# Practice 2.2 (Recurrent Neural Networks)

Authors:

1. Ovidio Manteiga Moar
1. Carlos Villar Martínez

In [1]:
import os
import numpy as np
import tensorflow as tf
from tensorflow import keras
from tensorflow.keras import layers
#import matplotlib.pyplot as plt

In [5]:
#reads a file. Each line has the format: label text
#Returns a list with the text and a list with the labels
def readData(fname):

    with open(fname, 'r', encoding="utf-8") as f:
        fileData = f.read()
  
    lines = fileData.split("\n")
    textData = list()
    textLabel = list()
    lineLength = np.zeros(len(lines))
    
    for i, aLine in enumerate(lines):     
        if not aLine:
            break  
        label = aLine.split(" ")[0]
        lineLength[i] = len(aLine.split(" "))
        if(label == "__label__1"):
            textLabel.append(0)
            textData.append(aLine.lstrip("__label__1 "))

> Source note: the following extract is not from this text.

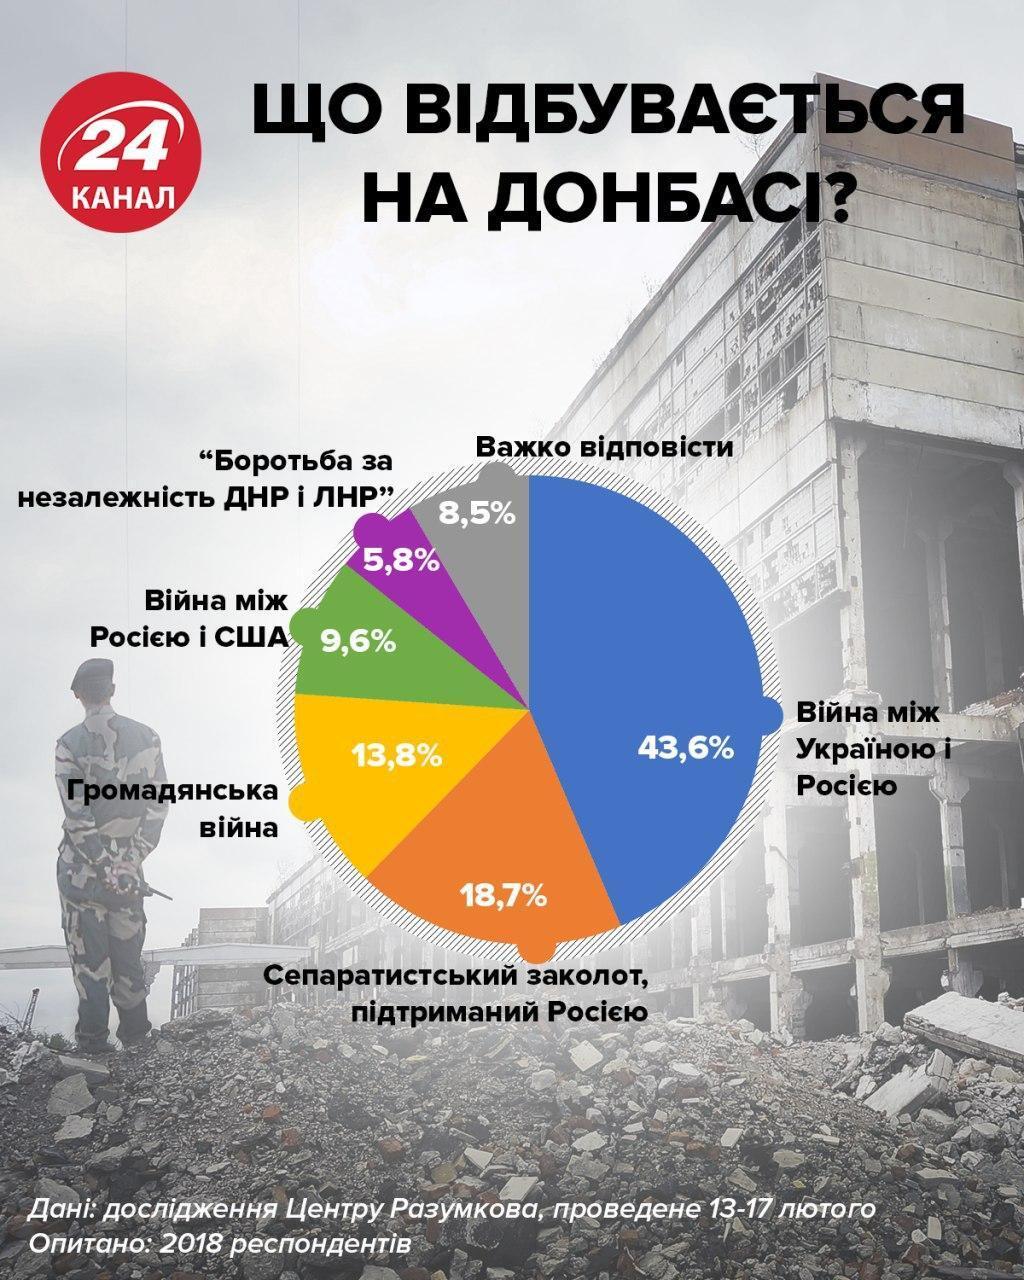 В Украине ждут возвращения Донбасса: опубликованы показательные результаты опроса

        elif(label == "__label__2"):
            textLabel.append(1)
            textData.append(aLine.lstrip("__label__2 "))

        else:
            print("\nError in readData: ", i, aLine)
            exit()
    
    f.close()
    return textData, textLabel, int(np.average(lineLength)+2*np.std(lineLength))

In [3]:
def transformData(x_train, y_train, x_test, y_test, maxFeatures, seqLength):
    #transforms text input to int input based on the vocabulary
    #max_tokens = maxFeatures is the size of the vocabulary
    #output_sequence_length =  seqLength is the maximum length of the transformed text. Adds 0 is text length is shorter
    precLayer = layers.experimental.preprocessing.TextVectorization(max_tokens = maxFeatures, 
    standardize =  'lower_and_strip_punctuation', split = 'whitespace', output_mode = 'int', 
    output_sequence_length =  seqLength)
    precLayer.adapt(x_train)
    #print(precLayer.get_vocabulary())
    x_train_int = precLayer(x_train)
    y_train = tf.convert_to_tensor(y_train)
    #print(x_train_int)
    #print(y_train)
    x_test_int= precLayer(x_test)
    y_test = tf.convert_to_tensor(y_test)
    #print(x_test_int)
    #print(y_test)

    return x_train_int, y_train, x_test_int, y_test

In [100]:
x_train, y_train, seqLength = readData("./amazon/train_small.txt")
x_test, y_test, tmp = readData("./amazon/test_small.txt")

#Hyperparameters
maxFeatures = 1000
embedding_dim = 64

x_train_int, y_train, x_test_int, y_test = transformData(x_train, y_train, x_test, y_test, maxFeatures, seqLength)


In [115]:
input_shape = (seqLength)
inputs = keras.Input(shape=input_shape)
x = layers.Embedding(input_dim=maxFeatures, output_dim=embedding_dim,
    input_length=seqLength, mask_zero=True)(inputs)
x = layers.GRU(128, activation='tanh', return_sequences=True)(x)
x = layers.Flatten()(x)
x = layers.Dense(64, activation='relu')(x)
outputs = layers.Dense(1, activation='sigmoid')(x)
model = keras.Model(inputs, outputs)
model.summary()

Model: "model_18"
_________________________________________________________________
 Layer (type)                Output Shape              Param #   
 input_29 (InputLayer)       [(None, 166)]             0         
                                                                 
 embedding_27 (Embedding)    (None, 166, 64)           64000     
                                                                 
 gru_15 (GRU)                (None, 166, 128)          74496     
                                                                 
 flatten_1 (Flatten)         (None, 21248)             0         
                                                                 
 dense_21 (Dense)            (None, 64)                1359936   
                                                                 
 dense_22 (Dense)            (None, 1)                 65        
                                                                 
Total params: 1,498,497
Trainable params: 1,498,497
Non-tr

In [116]:
callbacks = [ keras.callbacks.ModelCheckpoint("jena_gru_amazon.keras") ]
model.compile(optimizer="adam", loss='binary_crossentropy', metrics=["accuracy"])
history = model.fit(x_train_int, y_train, epochs=20,
                    batch_size=256, validation_data=(x_test_int, y_test), 
                    callbacks=callbacks)

Epoch 1/20
Epoch 2/20
Epoch 3/20
Epoch 4/20
Epoch 5/20
Epoch 6/20
Epoch 7/20
Epoch 8/20
Epoch 9/20
Epoch 10/20
Epoch 11/20
Epoch 12/20
Epoch 13/20
Epoch 14/20
Epoch 15/20
Epoch 16/20
Epoch 17/20
Epoch 18/20
Epoch 19/20
Epoch 20/20


In [112]:
max_val_accuracy = max(history.history['val_accuracy'])
print("MAX TEST ACC = {mva:.2f}%".format(mva=max_val_accuracy*100))

MAX TEST ACC = 87.52%